Now imagine that your own family is surrounding you with love, joy, excitement, connection, support and happiness. Then, in a split second…bang! Something snaps inside of you. This energy force is built and derived from an intense anger; it leaps out from the depths of the deepest chasm of your soul. It comes from a place of gut wrenching darkness. It jolts the heart of your loved ones, your wife, your parents, your friends, your colleagues or even spits at strangers.
Sometimes, it gets worse, and the person who does not have the ability to stand up to you, is hurt, deeply, solemnly. Usually this someone is the one who has been giving you true, unconditional love, from the very moment they were born. Before it happened; the snap, I mean…you were the shining light in their heart of hearts. You were the guiding light, and yes, it is your child that I speak of, now. The most beautiful, honest, profound piece of you…your beloved, sacred child.
Whatever love they had for you before is ripped out from inside them; because in that moment (when you were weak), you snapped…really snapped. You came from a place of being absolutely: lonely, torn, depressed, frustrated, annoyed, and at that breaking point of anger, you broke them. You stole that innocence from them. You may have done it once, or many times before…

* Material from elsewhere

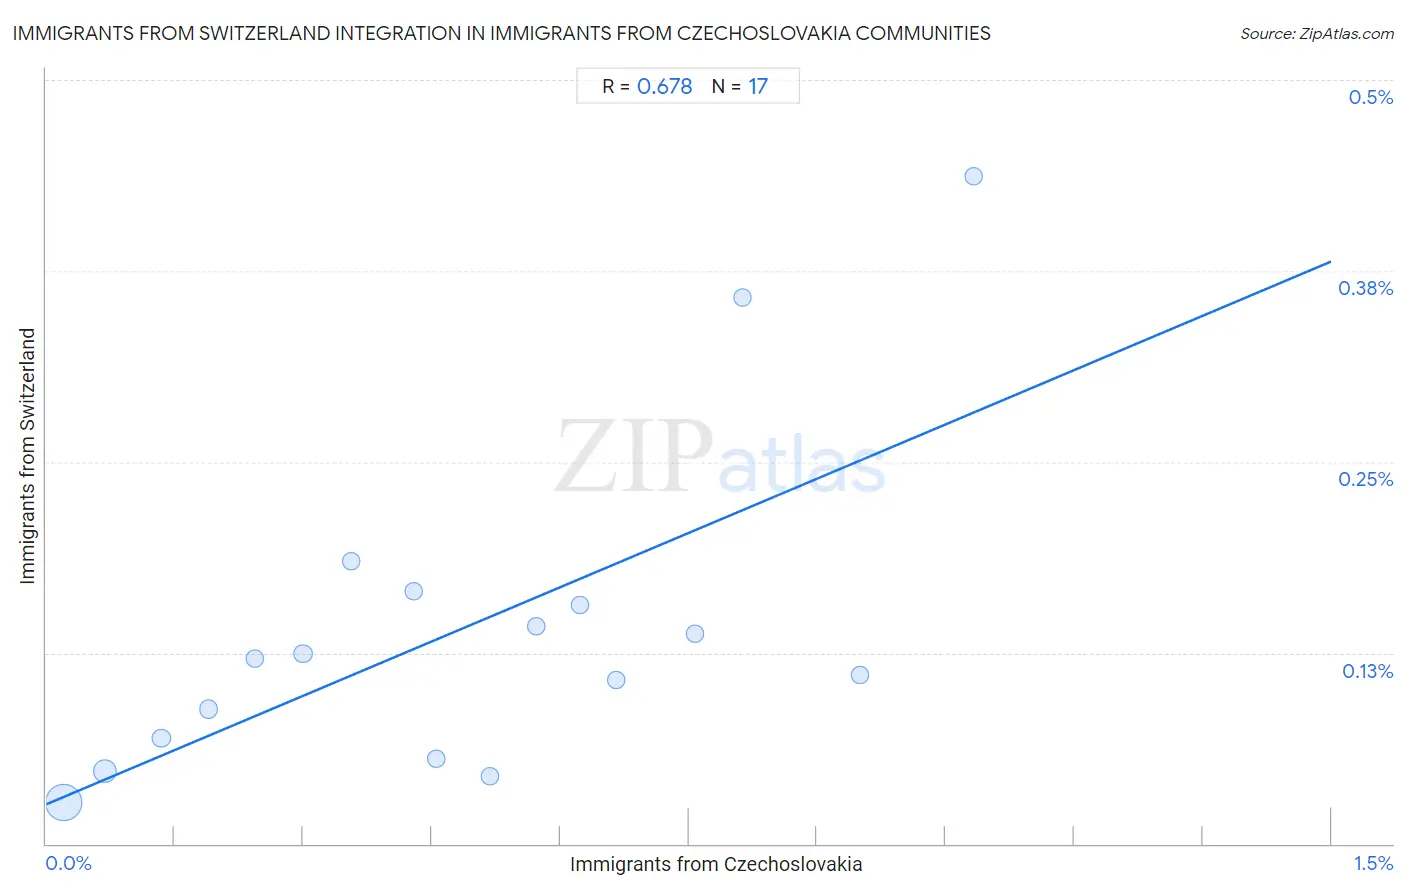 Immigrants from Czechoslovakia Integration in Immigrants from Switzerland Communities

When your child is looking into your eyes with; fear, hurt, guilt, and deep sadness, you know right there and then that whatever it was to that made you crack and hurt them, needed to be fixed. It was going to be a long road to repair…all the damage you’ve done, to the innocence in their heart.
It is a road that can take many days, weeks, months and even years to journey through. And the journey is to purposefully get back to the same trust, connection, and pure love that you once shared. During all of that lost time – you could have been growing together. Nurturing the beautiful bond that only a father and a child has, together. Laughing, singing, growing and living; as a family entity.
But no. No laughter, no songs, no growth could possibly thrive in the ‘snap.’ This is because in that moment you choose to lose control – all of your emotions fly…off the handle, into another realm, out of control. Intensely, disgracefully, unjustly, inhumanely. You literally lose control of yourself; you lose your integrity…and in the totality of everything that you had been loving and nurturing, for many years, you do it still.
So, why did this happen to me? Why, why, why? You can live your life wondering why and continue cycling through a sabotaging pattern that does not serve you, or anyone else around you. I want you to ask better; more valuable questions, now though. “How do I solve this problem?” “What do I need to do to break the cycle?” “Who do I turn to for help?” Sometimes, you’re even wondering if there is any help, anywhere at all. So how do you go on? And what are you here for?
I truly knew from my own experience that something had to change. Something had to be done, immediately. I had to ensure that the love that my children had for me, could continue to expand and grow, outwardly. It was up to me, and only me, to recognize it and change it. I began the search for someone or something… to release the anger swelling up inside me, horribly, fearfully and painfully.
Yes, I knew I could not continue to be an angry person around my loved ones, and especially not my children. I wanted a better life for them, and I wanted to be a fun dad, a loving dad, a kind hearted dad. When I connect with my child I want to look deep into their eyes; I want to see the pure love they have for me…
I eventually stepped up and found a way. A way out – to let go of what was not serving me. I found much more of what I needed. I learned to be fun, loving, inspirational and a great mentor to my gorgeous, wonderful children. Now they can also express their own emotions, and share with me; in a fun, safe and loving environment. And you can have that feeling too! Yes, you. And you are so worth it.